Fransa’nın liderliği, Avrupa’nın güvenlik alanında ABD’ye olan bağımlılığını azaltma yönündeki hedefleriyle de örtüşmektedir. Aynı zamanda, bu adım, Avrupa’da Ukrayna meselesinin bir “kriz yönetimi” süreci olmanın ötesine geçtiğini ve kıtanın geleceğini şekillendiren bir stratejik eksen haline geldiğini göstermektedir. Anlaşma, Avrupa devletlerinin Rusya karşısında caydırıcılığı arttırma iradesini somut bir politikaya dönüştürmekte ve Ukrayna’nın güvenliğini Avrupa güvenliğinin ayrılmaz bir parçası olarak konumlandırmaktadır.
Sonuç
Zelensky ve Macron arasında imzalanan uzun vadeli askeri ve ekonomik destek anlaşması, hem Ukrayna’nın direncini güçlendiren, hem de Avrupa’nın jeopolitik sorumluluklarının yeniden tanımlanmasına katkı sunan kapsamlı bir iş birliği belgesi niteliğindedir. Anlaşma, Ukrayna’nın savaş koşullarındaki kapasitesini arttırmayı amaçlasa da, etkileri bunun çok ötesine uzanmaktadır. Fransa’nın bu süreçte üstlendiği aktif rol, Avrupa güvenlik mimarisinin geleceğini şekillendiren kalıcı bir stratejik yönelime işaret etmektedir.
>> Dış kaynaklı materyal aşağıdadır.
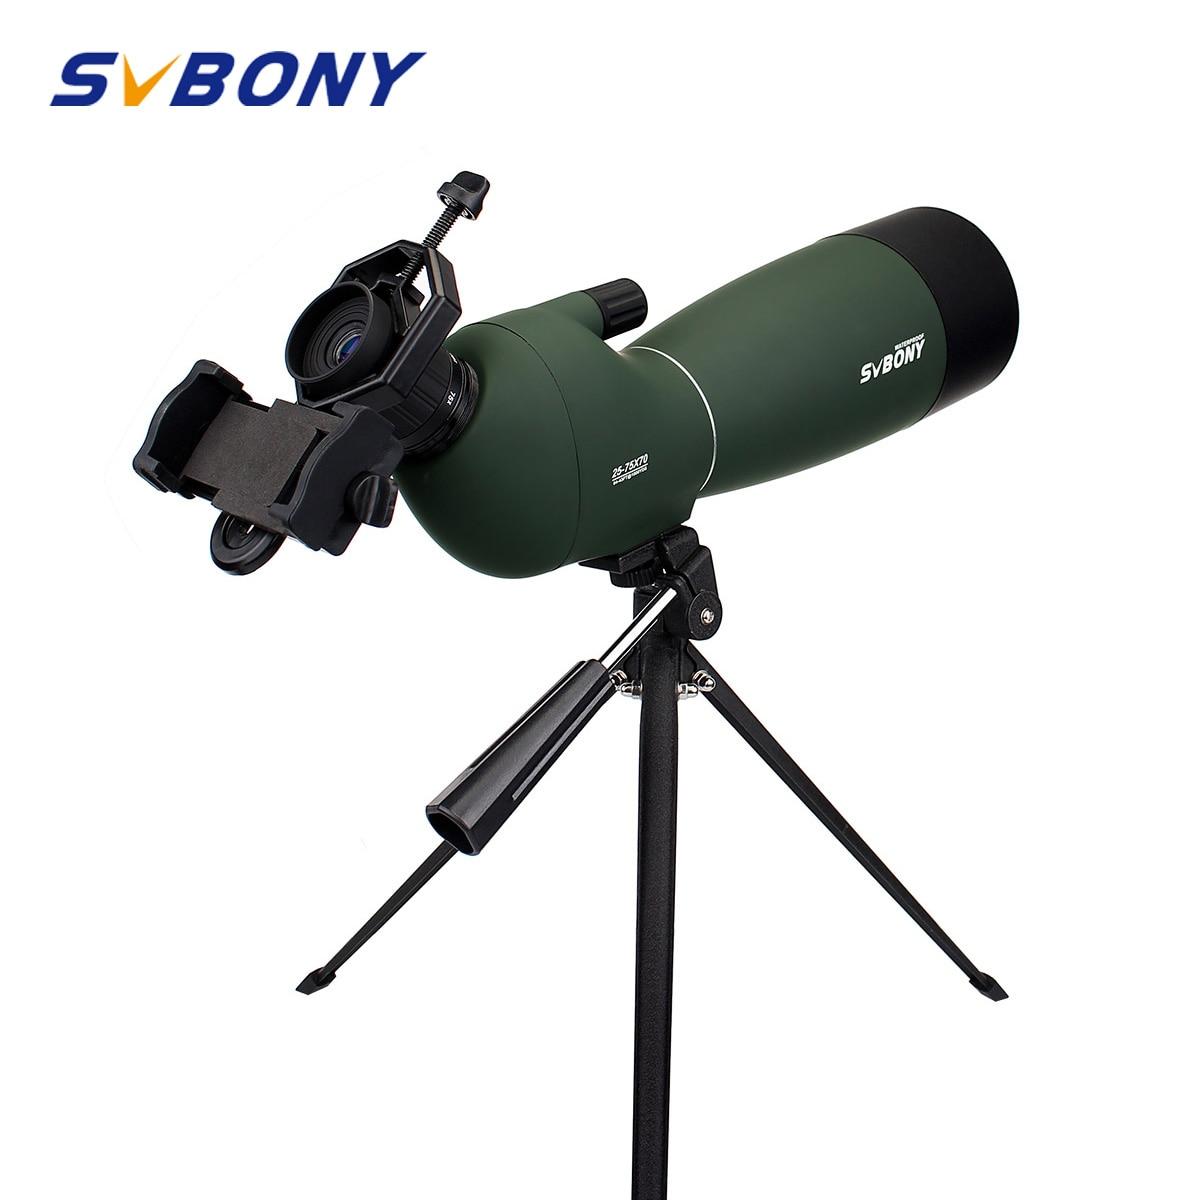 Svbony SV28 50/60/70 Mm Spotting Scope Zoom Teleskop Tahan Air Birdwatch Berburu Bermata & Universal Ponsel Adaptor mountF9308

Sonuç olarak, bu anlaşma, Avrupa’nın Ukrayna’ya verdiği desteği taktik ve geçici olmaktan çıkararak kurumsal, uzun vadeli ve çok boyutlu bir çerçeveye dönüştürmüştür. Bu durum, hem Ukrayna’nın egemenlik ve toprak bütünlüğünü koruma mücadelesine güç katmakta, hem de Avrupa’nın güvenlik düzeninin yeniden inşasında belirleyici bir rol oynamaktadır.